ASSIGNMENT => Only the pictures are to be left out; write out the rest of the data exactly.

** Opening DATASET SECTION block **

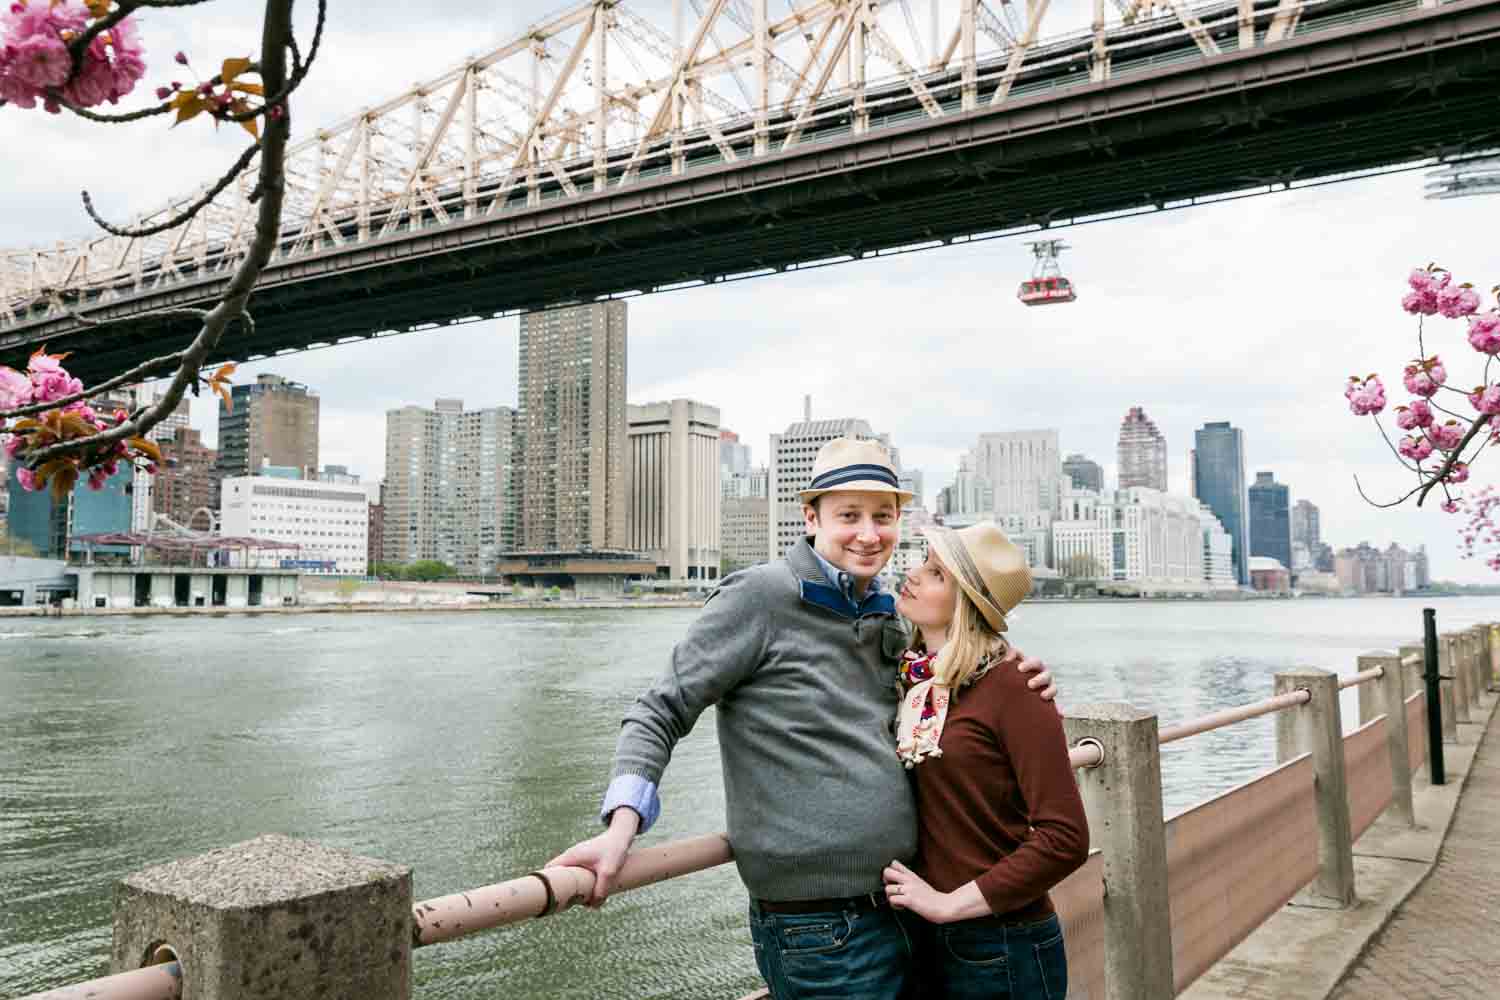 Couple against railing with Roosevelt Island tram in background
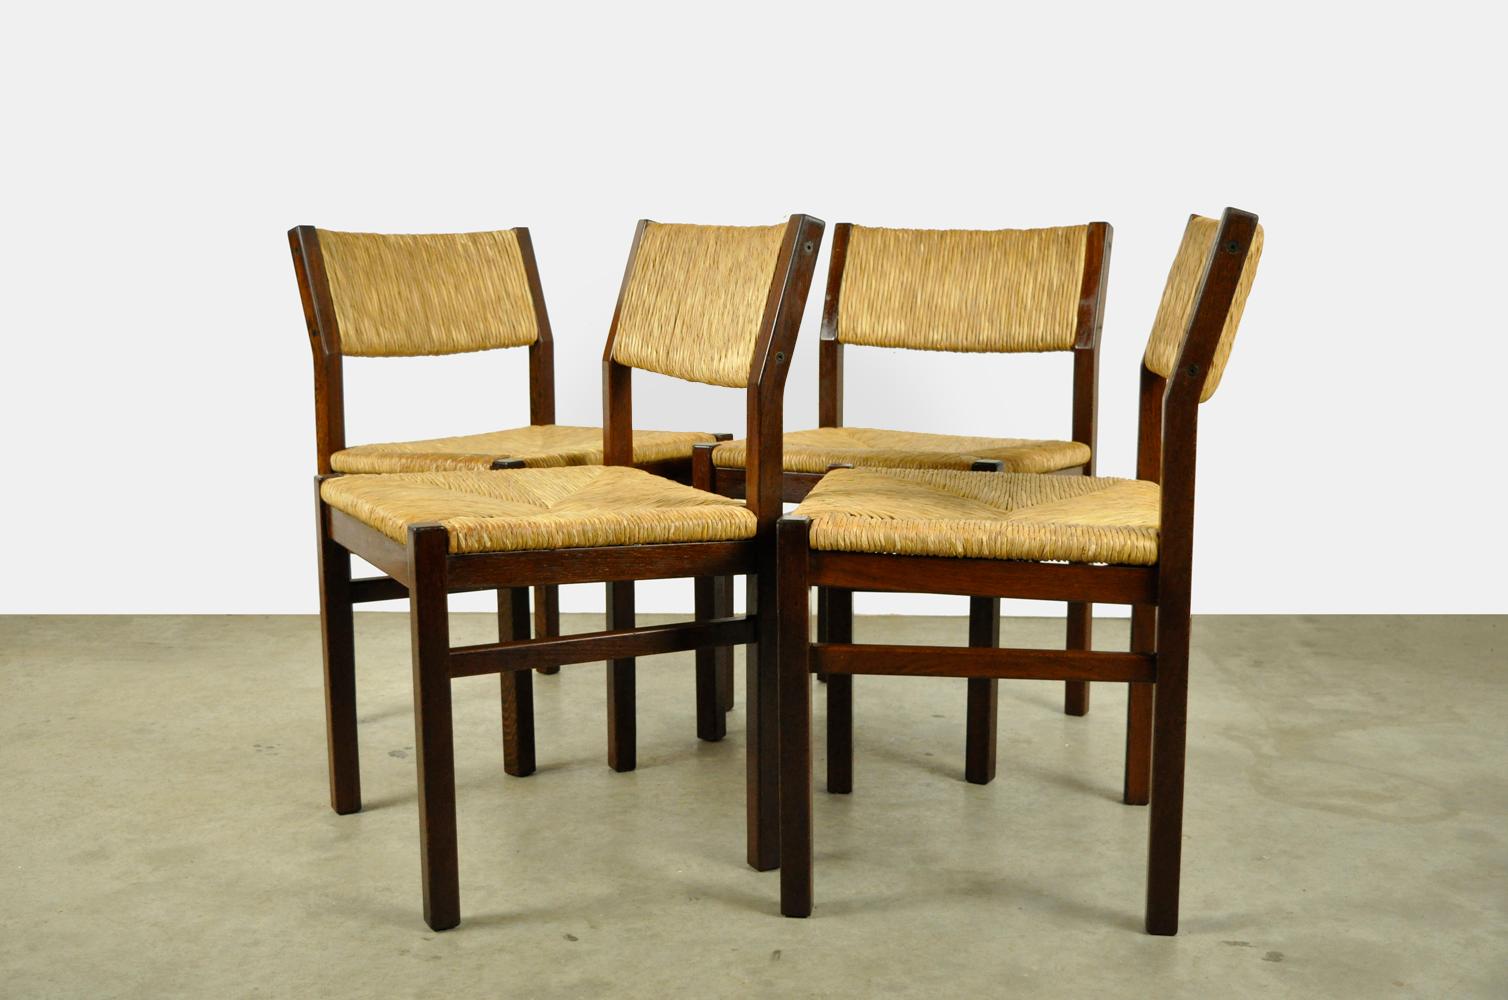 Dutch Set of 4 vintage dining chairs with reed seat by Pastoe, 1970s Netherlands For Sale
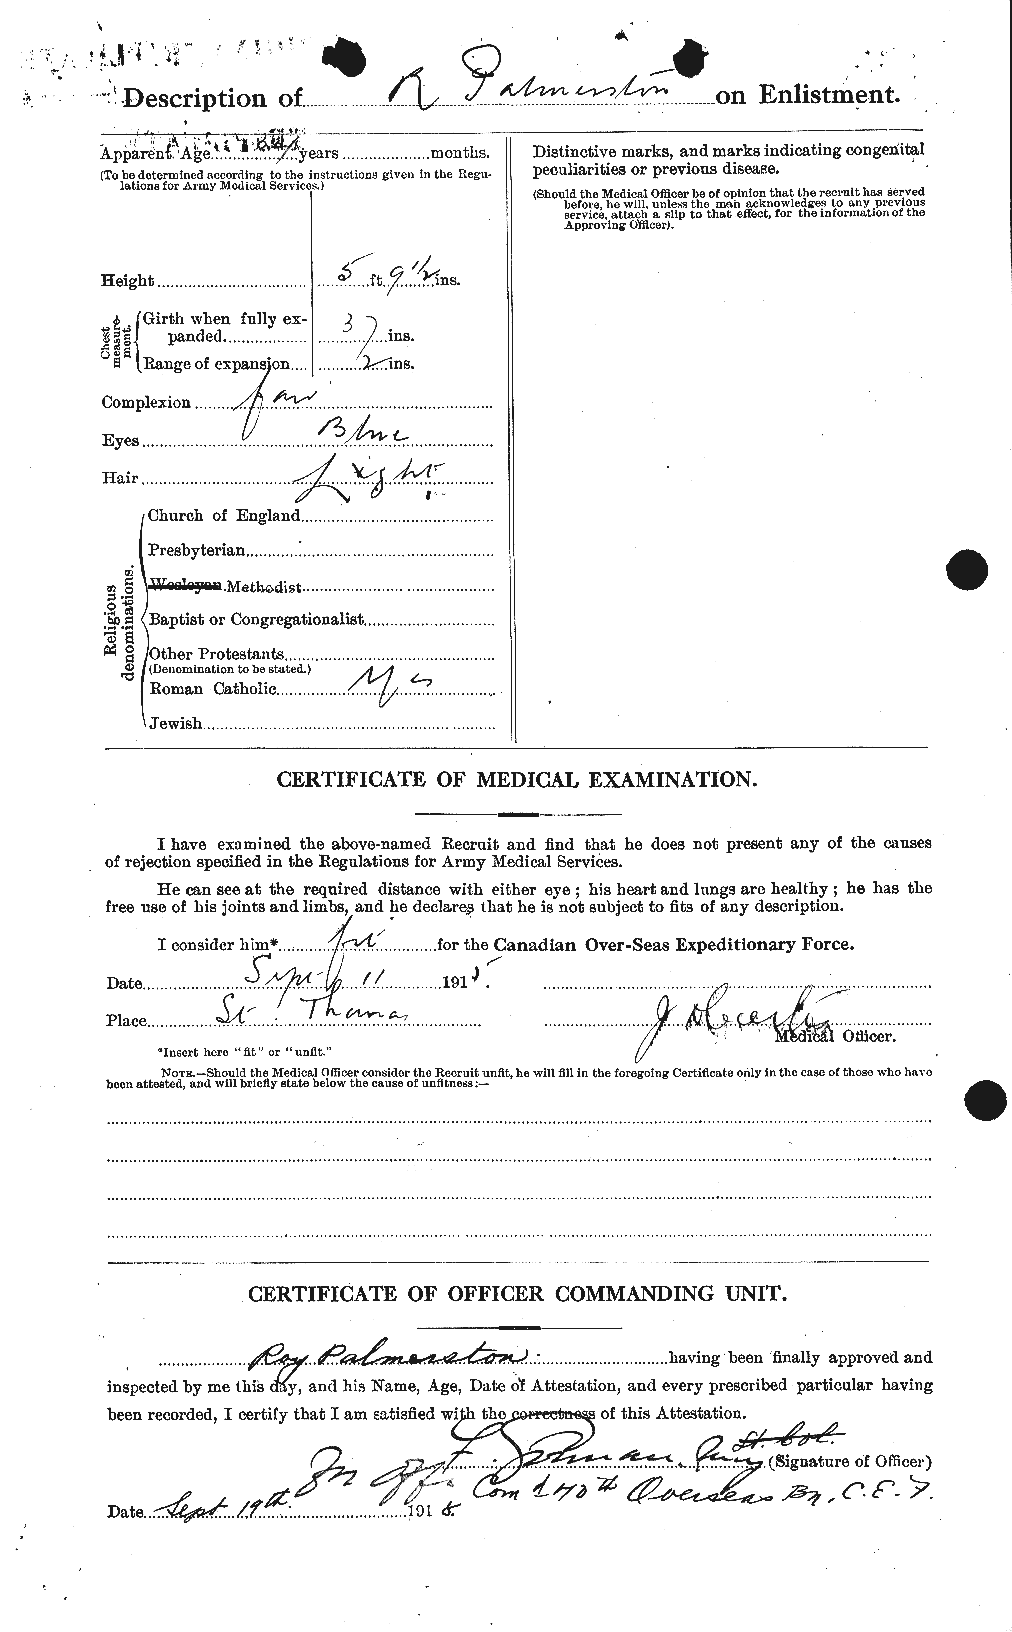 Personnel Records of the First World War - CEF 563256b

** Closing DATASET SECTION block **

TASK RESULT =>
 Couple against railing with Roosevelt Island tram in background
 Dutch Set of 4 vintage dining chairs with reed seat by Pastoe, 1970s Netherlands For Sale
 Personnel Records of the First World War - CEF 563256b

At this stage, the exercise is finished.